A woman who experienced medical distress shortly after entering an airplane bathroom was dragged partially clothed down the aisle of the crowded commercial airline, much to the horror of other passengers, so that EMTs could render medical aid to her outside the plane.
The Minnesota Star Tribune reports that the woman, identified by relatives as 48-year-old Theresa Hines of Carrolton, Texas, died shortly after being removed from the rear bathroom of the American Airlines Boeing 737 that was flying from Dallas to Minneapolis-St. Paul International Airport.
One passenger, who was distressed by what he saw, told the Star Tribune that Hines was naked from the waist down when she was removed from the plane and that emergency workers should have covered her up.
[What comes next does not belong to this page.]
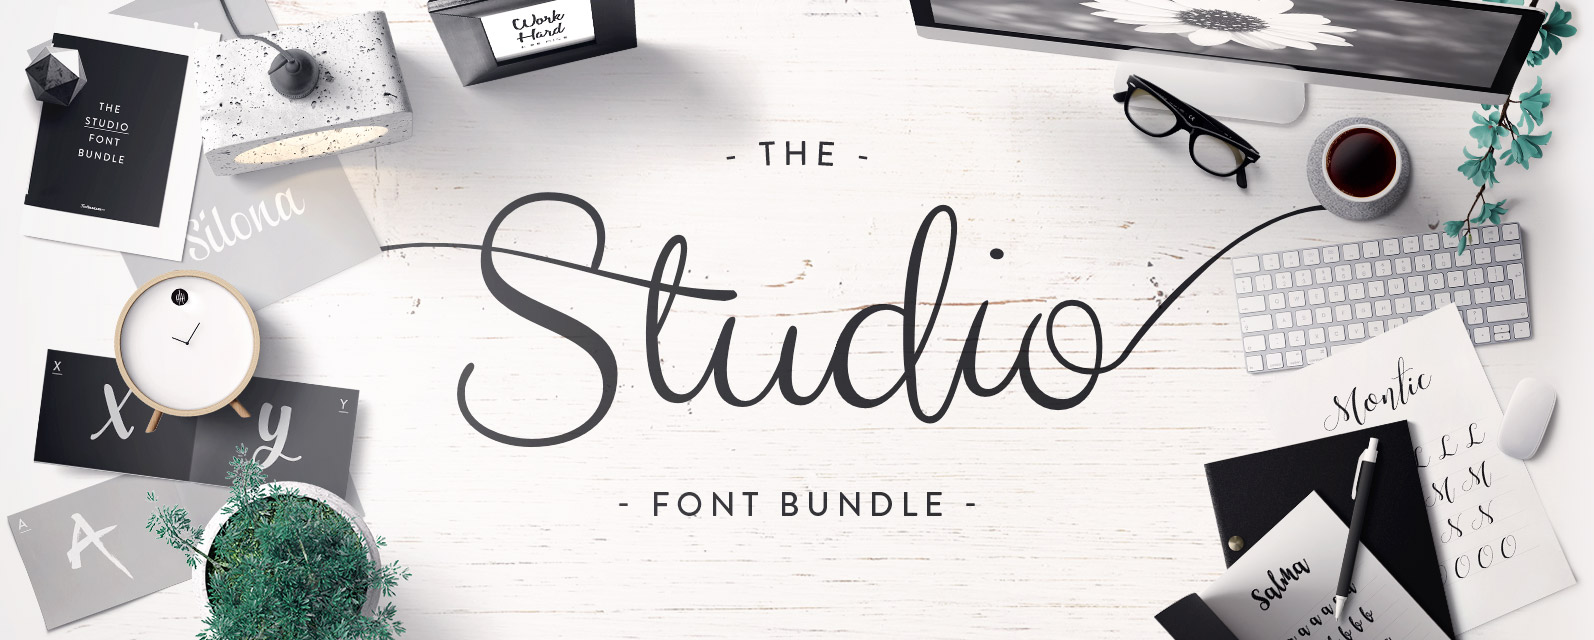 The Studio Font Bundle Cover

However, a second passenger, David Sampsell, told the paper via email that she was not half-naked, and that her pants were simply unfastened.
Officials from American Airlines said the woman was wearing a shirt and “underwear” when she was taken off the plane on a portable stretcher, while passenger Art Endress said, “The EMT was out of line,” and that the “flight attendants could have thrown a blanket on her.”
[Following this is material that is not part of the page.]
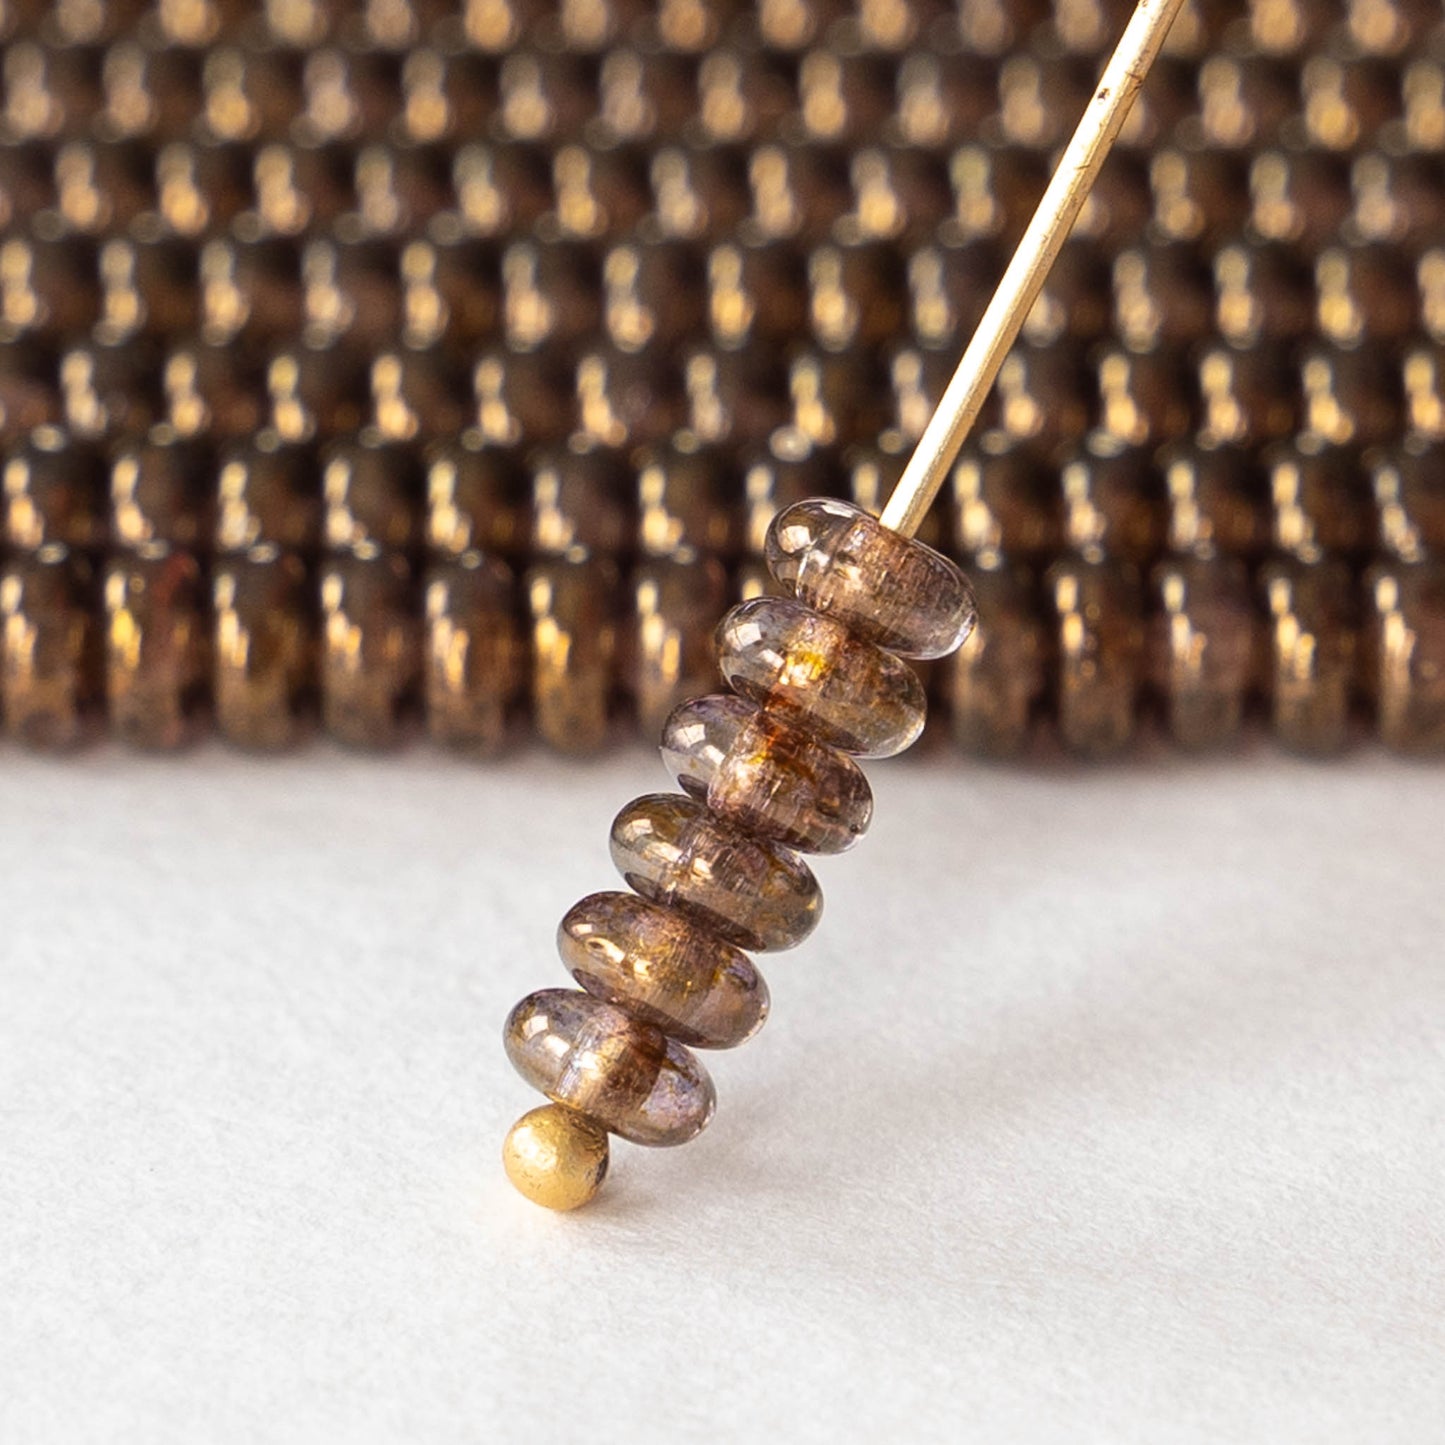 4mm Rondelle Beads - Bronze Luster - 100 Beads

Hines went into the bathroom halfway through the two-hour-and-45-minute flight and never came out, according to the report. As flight attendants were going through the landing directions, they noticed that someone was still in the bathroom.
When they got no answer after knocking on the door several times, the door was opened, and flight attendants asked for help from any doctor or nurse who might be aboard the flight.
American Airlines officials told the Star Tribune that a “team of flight attendants, a doctor, three nurses and other folk tended to our passenger before our flight landed.”
Hines, who was traveling alone, was in the bathroom when she fell into distress, and police estimate that she had been in the bathroom for 45 minutes.
In a statement, American Airlines said, “We are deeply saddened by this event and our thoughts and prayers go out to our passenger’s loved ones.”
A GoFundMe has been established to help Hines’ family with funeral expenses.